▶ Working data
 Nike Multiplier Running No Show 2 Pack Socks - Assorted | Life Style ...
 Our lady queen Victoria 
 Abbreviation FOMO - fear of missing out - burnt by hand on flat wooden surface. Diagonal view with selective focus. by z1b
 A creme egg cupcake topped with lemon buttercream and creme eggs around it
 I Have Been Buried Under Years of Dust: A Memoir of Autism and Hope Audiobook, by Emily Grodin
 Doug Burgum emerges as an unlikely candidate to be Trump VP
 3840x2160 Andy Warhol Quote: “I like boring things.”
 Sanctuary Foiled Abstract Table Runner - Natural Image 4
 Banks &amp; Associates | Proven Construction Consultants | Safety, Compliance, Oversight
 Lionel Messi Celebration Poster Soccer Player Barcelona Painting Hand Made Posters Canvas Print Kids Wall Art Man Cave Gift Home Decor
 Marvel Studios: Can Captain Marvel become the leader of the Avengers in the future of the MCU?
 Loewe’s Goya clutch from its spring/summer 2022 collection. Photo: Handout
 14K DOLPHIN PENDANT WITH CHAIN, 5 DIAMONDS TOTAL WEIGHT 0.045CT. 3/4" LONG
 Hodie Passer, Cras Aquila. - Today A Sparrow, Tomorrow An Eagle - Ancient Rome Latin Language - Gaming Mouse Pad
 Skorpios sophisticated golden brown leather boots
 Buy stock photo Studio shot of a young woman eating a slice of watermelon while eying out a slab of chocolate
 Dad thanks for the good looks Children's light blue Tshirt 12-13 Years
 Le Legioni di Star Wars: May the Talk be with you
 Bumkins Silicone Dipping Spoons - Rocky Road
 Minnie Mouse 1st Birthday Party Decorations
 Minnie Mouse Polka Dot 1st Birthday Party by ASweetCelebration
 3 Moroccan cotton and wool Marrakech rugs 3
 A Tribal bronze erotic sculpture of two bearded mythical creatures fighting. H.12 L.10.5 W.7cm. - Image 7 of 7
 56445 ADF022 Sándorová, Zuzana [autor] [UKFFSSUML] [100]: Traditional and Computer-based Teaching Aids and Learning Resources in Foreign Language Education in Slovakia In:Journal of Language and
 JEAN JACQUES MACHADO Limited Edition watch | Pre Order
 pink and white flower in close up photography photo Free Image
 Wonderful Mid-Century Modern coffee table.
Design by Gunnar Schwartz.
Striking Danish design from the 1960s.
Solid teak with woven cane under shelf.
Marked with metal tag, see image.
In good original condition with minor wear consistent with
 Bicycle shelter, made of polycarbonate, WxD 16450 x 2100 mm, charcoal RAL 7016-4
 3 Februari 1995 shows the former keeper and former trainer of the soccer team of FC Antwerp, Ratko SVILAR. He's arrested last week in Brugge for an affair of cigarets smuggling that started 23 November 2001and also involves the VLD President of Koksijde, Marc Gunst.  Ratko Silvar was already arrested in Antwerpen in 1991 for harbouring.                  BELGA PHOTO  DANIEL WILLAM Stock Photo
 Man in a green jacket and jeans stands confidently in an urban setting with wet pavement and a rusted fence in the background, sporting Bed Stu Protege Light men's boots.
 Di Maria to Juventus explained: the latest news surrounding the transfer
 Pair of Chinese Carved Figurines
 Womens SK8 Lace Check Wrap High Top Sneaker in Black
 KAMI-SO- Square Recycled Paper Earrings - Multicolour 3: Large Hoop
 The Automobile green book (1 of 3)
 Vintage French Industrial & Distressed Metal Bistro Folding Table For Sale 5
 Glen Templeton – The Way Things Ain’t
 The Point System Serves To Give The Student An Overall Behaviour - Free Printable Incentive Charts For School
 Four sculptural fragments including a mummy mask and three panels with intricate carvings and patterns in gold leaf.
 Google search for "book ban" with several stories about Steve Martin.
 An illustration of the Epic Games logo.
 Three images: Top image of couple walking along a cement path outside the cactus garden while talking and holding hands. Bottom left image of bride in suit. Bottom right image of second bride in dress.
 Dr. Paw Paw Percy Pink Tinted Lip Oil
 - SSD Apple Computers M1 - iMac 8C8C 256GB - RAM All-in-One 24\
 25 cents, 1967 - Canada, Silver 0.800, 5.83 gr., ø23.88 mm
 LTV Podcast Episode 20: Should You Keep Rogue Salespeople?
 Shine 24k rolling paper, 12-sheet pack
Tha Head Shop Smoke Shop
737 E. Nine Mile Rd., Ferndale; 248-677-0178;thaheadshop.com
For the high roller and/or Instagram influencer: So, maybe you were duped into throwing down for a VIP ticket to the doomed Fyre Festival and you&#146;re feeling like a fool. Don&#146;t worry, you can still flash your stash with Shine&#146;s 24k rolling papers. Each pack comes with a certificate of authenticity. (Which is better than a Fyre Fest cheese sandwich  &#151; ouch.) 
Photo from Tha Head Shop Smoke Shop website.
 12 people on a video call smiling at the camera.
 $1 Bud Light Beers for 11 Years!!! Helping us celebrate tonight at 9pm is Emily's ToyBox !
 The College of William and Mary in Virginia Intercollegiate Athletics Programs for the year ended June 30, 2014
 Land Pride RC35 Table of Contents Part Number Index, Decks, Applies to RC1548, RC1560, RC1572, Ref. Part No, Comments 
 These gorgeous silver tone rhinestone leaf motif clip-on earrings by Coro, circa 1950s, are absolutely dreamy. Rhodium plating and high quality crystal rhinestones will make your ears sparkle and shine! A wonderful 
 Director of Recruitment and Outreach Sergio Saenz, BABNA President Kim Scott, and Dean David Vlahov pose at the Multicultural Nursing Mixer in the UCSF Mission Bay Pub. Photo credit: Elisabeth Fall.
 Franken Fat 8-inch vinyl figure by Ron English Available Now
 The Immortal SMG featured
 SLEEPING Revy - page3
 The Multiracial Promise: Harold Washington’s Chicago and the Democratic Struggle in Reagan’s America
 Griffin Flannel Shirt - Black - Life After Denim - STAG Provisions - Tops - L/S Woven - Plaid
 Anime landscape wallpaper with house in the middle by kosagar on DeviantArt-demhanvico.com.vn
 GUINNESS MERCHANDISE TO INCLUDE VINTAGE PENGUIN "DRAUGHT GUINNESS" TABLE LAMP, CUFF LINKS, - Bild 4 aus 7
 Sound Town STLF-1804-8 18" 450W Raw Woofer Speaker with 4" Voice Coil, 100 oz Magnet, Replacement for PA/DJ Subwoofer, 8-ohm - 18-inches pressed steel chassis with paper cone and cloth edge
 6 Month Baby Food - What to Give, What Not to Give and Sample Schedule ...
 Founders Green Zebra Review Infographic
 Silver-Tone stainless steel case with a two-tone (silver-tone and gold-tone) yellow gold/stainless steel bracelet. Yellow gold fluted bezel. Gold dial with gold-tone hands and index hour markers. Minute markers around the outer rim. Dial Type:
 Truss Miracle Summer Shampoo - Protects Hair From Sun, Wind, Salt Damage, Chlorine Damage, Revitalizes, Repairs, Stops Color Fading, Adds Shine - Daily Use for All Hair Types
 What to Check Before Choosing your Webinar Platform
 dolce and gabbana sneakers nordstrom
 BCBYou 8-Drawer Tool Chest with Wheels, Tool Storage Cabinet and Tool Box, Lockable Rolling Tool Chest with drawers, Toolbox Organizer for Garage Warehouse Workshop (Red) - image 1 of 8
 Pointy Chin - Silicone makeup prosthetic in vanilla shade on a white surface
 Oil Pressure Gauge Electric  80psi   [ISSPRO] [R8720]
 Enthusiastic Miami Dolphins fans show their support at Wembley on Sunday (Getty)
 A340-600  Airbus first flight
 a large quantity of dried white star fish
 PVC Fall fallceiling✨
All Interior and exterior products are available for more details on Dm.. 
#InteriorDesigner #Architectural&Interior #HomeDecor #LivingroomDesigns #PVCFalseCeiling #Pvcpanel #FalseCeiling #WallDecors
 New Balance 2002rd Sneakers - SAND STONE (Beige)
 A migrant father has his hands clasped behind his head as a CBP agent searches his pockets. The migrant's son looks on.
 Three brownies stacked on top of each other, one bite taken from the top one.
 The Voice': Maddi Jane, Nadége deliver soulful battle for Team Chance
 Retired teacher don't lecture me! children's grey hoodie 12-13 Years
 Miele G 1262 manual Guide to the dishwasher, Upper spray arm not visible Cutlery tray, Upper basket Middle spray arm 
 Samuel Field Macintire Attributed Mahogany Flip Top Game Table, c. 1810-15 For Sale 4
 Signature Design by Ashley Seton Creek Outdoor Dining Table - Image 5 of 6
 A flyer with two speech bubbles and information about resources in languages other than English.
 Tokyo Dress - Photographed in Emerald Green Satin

▶ Your objective
Whenever a line in the data holds "Emily", copy that line.

▶ Solved exercise
 I Have Been Buried Under Years of Dust: A Memoir of Autism and Hope Audiobook, by Emily Grodin
 $1 Bud Light Beers for 11 Years!!! Helping us celebrate tonight at 9pm is Emily's ToyBox !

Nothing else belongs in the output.